Réanimation Polyvalente, CHU Dupuytren, 2 Avenue Martin-Luther King, 87042, Limoges, France.
Laboratoire de Bactériologie-Virologie-Hygiène, CHU de Limoges, Limoges, France.
BMC Infect Dis. 2022 Apr 9;22(1):355. doi: 10.1186/s12879-022-07328-z.
Capnocytophaga canimorsus infection happens frequently in immunosuppressed patients with reported domestic animal bites. Clinical presentation ranges from simple cellulitis to fulminant septic shock with disseminated intravascular coagulopathy, with an overall mortality of 30%. Conventional blood culture is often negative as this is a slow-growing pathogen. Nevertheless, the increasing use of 16S rRNA gene amplification and Sanger sequencing allows a much more rapid diagnostic confirmation. We present two case reports where 16S rRNA gene sequencing helped to diagnose Capnocytophaga canimorsus infection.
Case 1: A 53-year-old man with a history of non-cirrhotic chronic alcohol consumption was admitted to the intensive care unit (ICU) for septic shock and disseminated intravascular coagulopathy (DIC) of unknown origin. Blood cultures remained negative and a 16S rRNA PCR was performed leading to the identification of Capnocytophaga Canimorsus on day 4. Targeted antibiotic therapy with ceftriaxone for 14 days lead to overall recovery. Afterwards, the patient recalled a dog bite 2 days before hospitalization with a punctiform necrotic wound localized on a finger, which was not obvious at admission. Case 2: A 38-year-old man arrived to the emergency department for acute alcohol intoxication and history of a dog bite 2 days before. At admission, septic shock with purpura fulminans was diagnosed and required ICU hospitalization, invasive mechanical ventilation, vasopressor support and renal replacement therapy due to the rapid clinical deterioration. In the context of septic shock with purpura fulminans, DIC and recent dog bite, the diagnosis of Capnocytophaga canimorsus septic shock was suspected, and early confirmed by 16S rRNA PCR coupled to Sanger sequencing on day 2. Blood cultures became only positive for Capnocytophaga canimorsus 5 days after admission. Ceftriaxone alone was infused for 10 days in total, and the patient was discharged from the ICU on day 25.

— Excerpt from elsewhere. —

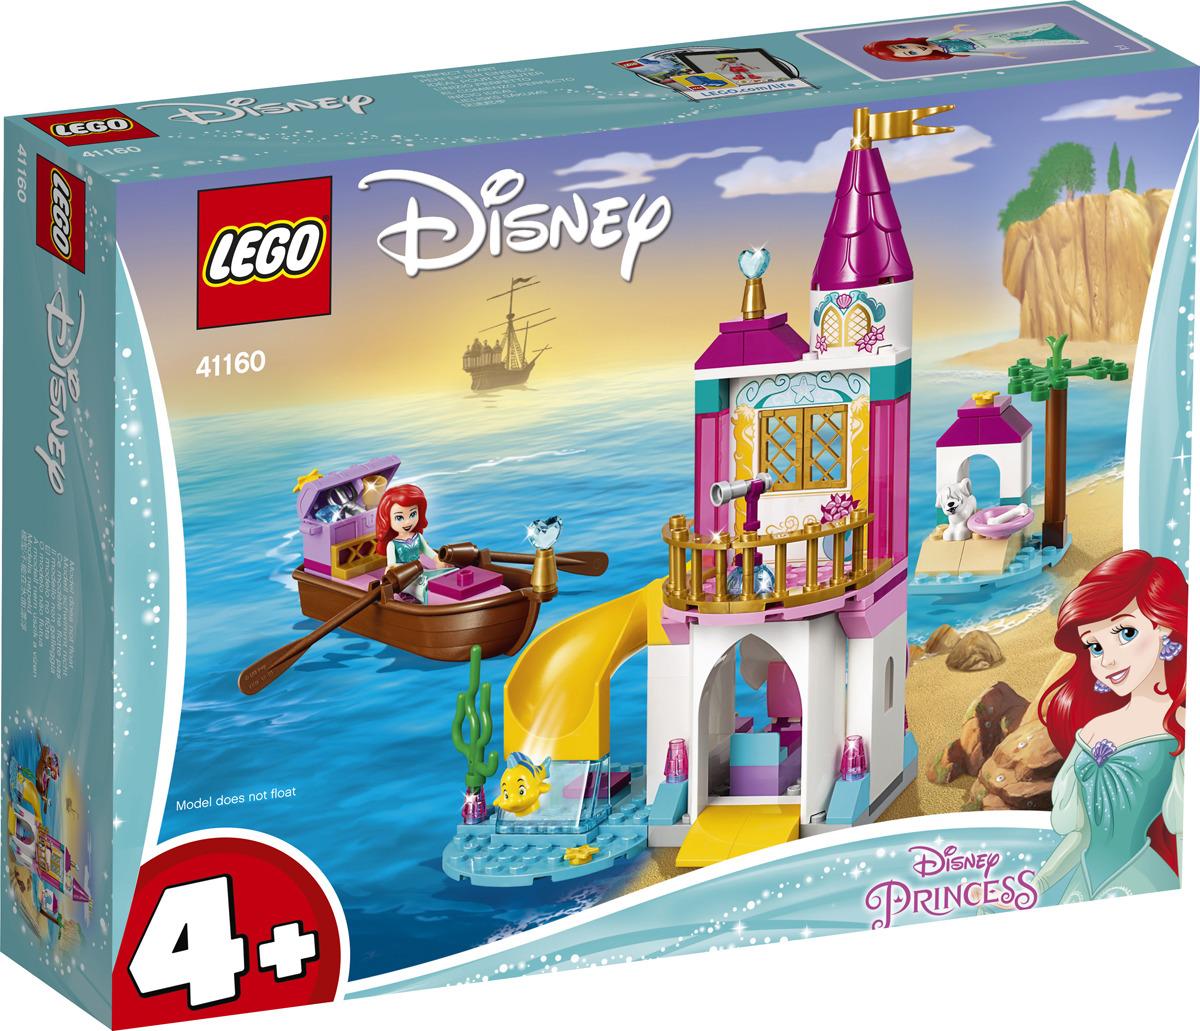 LEGO Disney Princess 41160 Морской замок Ариэль Конструктор lego disney princess сказочный замок спящей красавицы 41152

16S rRNA gene PCR proves an important diagnostic tool when facing a sepsis of unknown origin. In these two cases of septic shock related to Capnocytophaga canimorsus, initial blood cultures remained negative at 24 h, whereas the diagnosis was achieved by 16S rRNA PCR sequencing performed from blood samples obtained at admission.
嗜二氧化碳噬纤维菌感染常发生于伴有家养动物咬伤的免疫抑制患者,临床表现从单纯蜂窝织炎到伴有弥散性血管内凝血的暴发性败血性休克不等,总死亡率为 30%。由于这是一种生长缓慢的病原体,常规血培养通常为阴性。然而,16S rRNA 基因扩增和 Sanger 测序的广泛应用使得诊断确认更为迅速。我们报告了两例 16S rRNA 基因测序有助于诊断嗜二氧化碳噬纤维菌感染的病例。
病例 1:一名 53 岁男性,有非肝硬化性慢性酒精消耗史,因不明原因的败血性休克和弥散性血管内凝血(DIC)被收入重症监护病房(ICU)。血培养仍为阴性,进行 16S rRNA PCR 检测,第 4 天鉴定出嗜二氧化碳噬纤维菌。使用头孢曲松治疗 14 天的靶向抗生素治疗导致整体康复。随后,患者回忆起住院前 2 天被狗咬伤,手指上有一个点状坏死性伤口,但在入院时并不明显。病例 2:一名 38 岁男性因急性酒精中毒和 2 天前被狗咬伤就诊于急诊部。入院时,诊断为败血性休克伴紫癜性休克,由于临床迅速恶化,需要入住 ICU、接受有创机械通气、升压药支持和肾脏替代治疗。在伴有紫癜性休克、DIC 和近期狗咬伤的败血性休克背景下,怀疑诊断为嗜二氧化碳噬纤维菌败血性休克,并在第 2 天通过 16S rRNA PCR 与 Sanger 测序早期确诊。血培养在入院后第 5 天才仅对嗜二氧化碳噬纤维菌呈阳性。总共输注头孢曲松 10 天,患者于第 25 天从 ICU 出院。
16S rRNA 基因 PCR 在面对不明原因的脓毒症时是一种重要的诊断工具。在这两例与嗜二氧化碳噬纤维菌相关的败血性休克中,初始血培养在 24 小时内仍为阴性,而通过对入院时采集的血样进行 16S rRNA PCR 测序获得诊断。